Phyllis Joyce Bowman (14 March 1926 – 7 May 2012) was a British journalist and anti-abortion, anti-euthanasia (pro-life) campaigner.

== Early life and career ==

Bowman was born on 14 March 1926 in Bournemouth, Hampshire, England. Daughter of Maurice Garnett and Ethel Elizabeth (Ottalangui) Court, she began her career as a journalist on London's Fleet Street.

== Advocacy ==
Bowman was one of the founders of the Society for the Protection of Unborn Children, which describes itself as the "oldest pro-life campaigning and educational organisation in the world". A stone's throw from the Houses of Parliament, the Wig and Pen club was the venue for a meeting attended by Bowman which culminated in the founding of the organisation on 11 January 1967. Bowman was SPUC's National Director from the early 1970s until she stepped down from this role in 1996. She continued working for SPUC until an internal disagreement resulted in her resignation from the organisation, to the dismay of the All-Party Parliamentary Pro-Life Group, a cross-Party organisation of MPs and Peers.

Following her acrimonious split from the organisation she helped found, Bowman began a new organisation, Right To Life UK, to work closely with Parliamentarians of all Political Parties to pursue her aims.

=== Prosecution ===

Bowman was prosecuted under the Representation of the People Act 1983 section 75 for the offence of spending more than £5 on publications aiming to promote a candidate six weeks before an election, without authorisation. She was acquitted because the summons was issued out of time. However, Bowman contended at the European Court of Human Rights that her prosecution was an unjustifiable interference with her freedom of expression under the European Convention on Human Rights, article 10.

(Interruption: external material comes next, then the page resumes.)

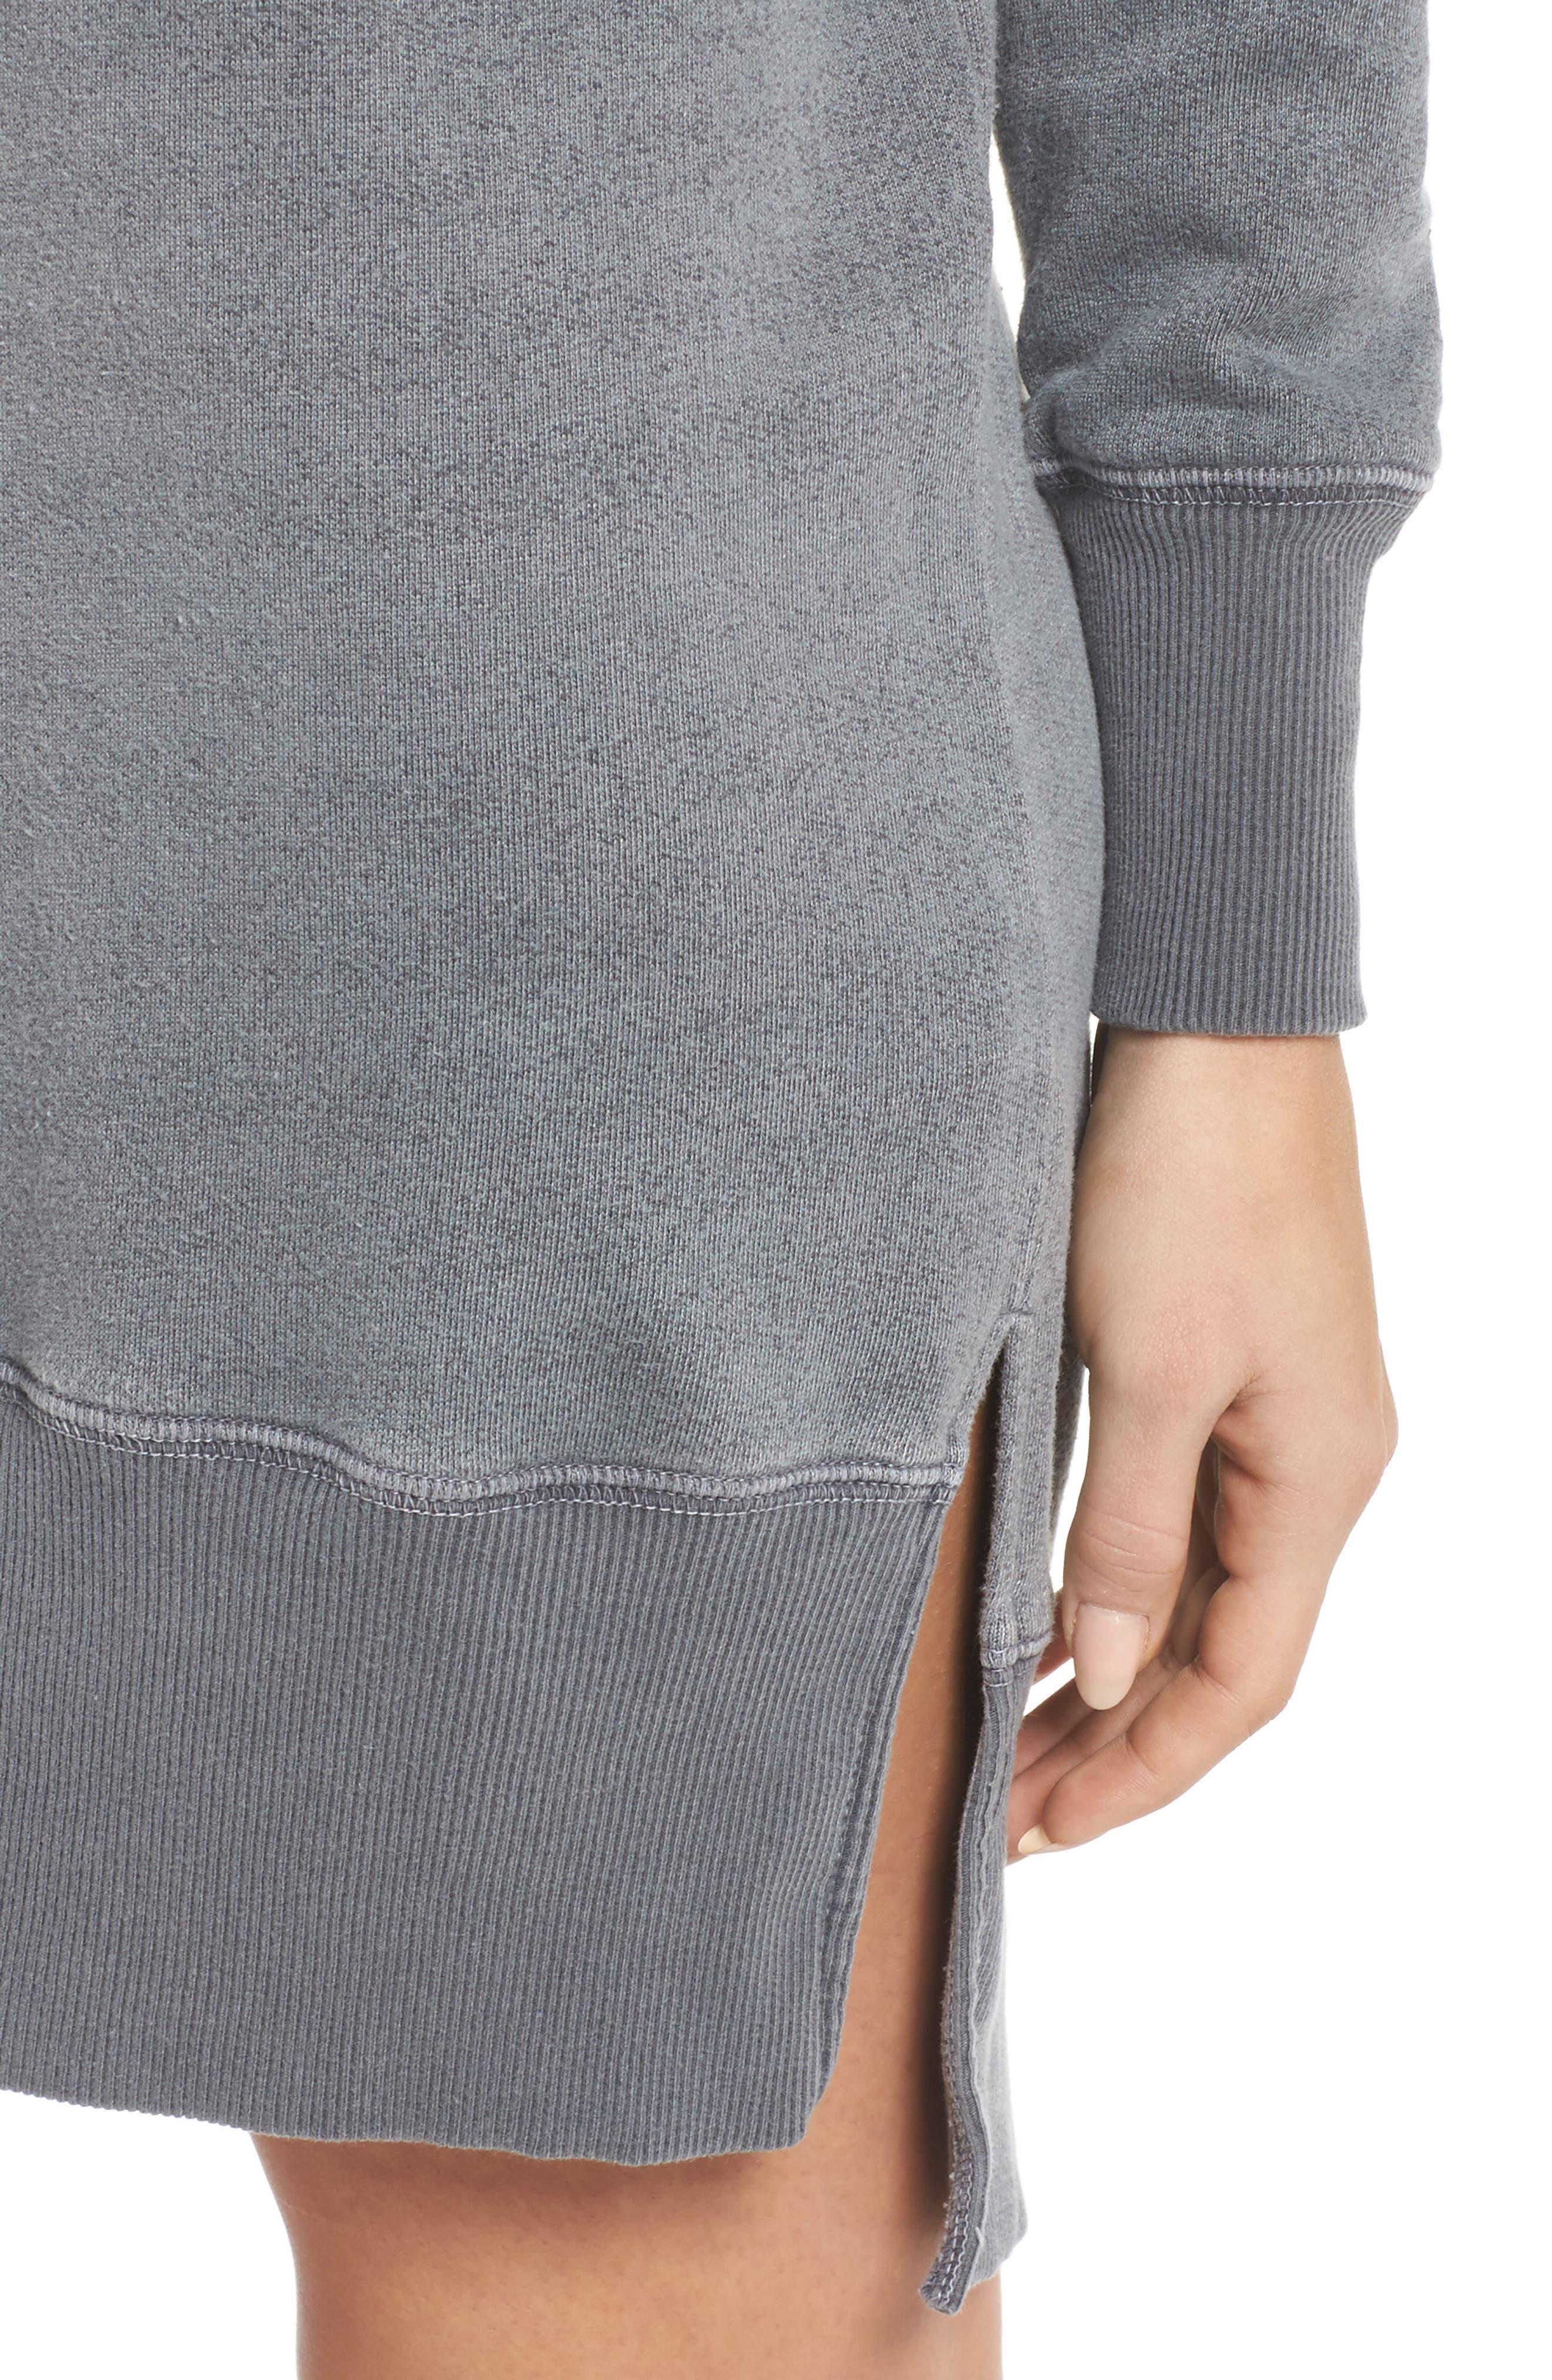 Lounge Sweatshirt Dress,                             Alternate thumbnail 5, color,                             Faded Black

Bowman v United Kingdom [1998] ECHR 4 is a UK constitutional law case, concerning the legitimate limits on campaign finance spending. She won her case and in response to this judgment, the spending limit of £5 per individual was increased to £500 (for Parliamentary elections) in the Political Parties, Elections and Referendums Act 2000.

== Personal life ==
Bowman was not religious in her early life. She was Jewish by birth, then agnostic when she began her work for the pro-life cause, having previously been in favour of abortion. After a number of years of being involved in anti-abortion campaigns, she discovered Christianity and subsequently converted to Catholicism. She was named a Dame of the Order of St Gregory the Great (DSG) in 1996 by Pope John Paul II.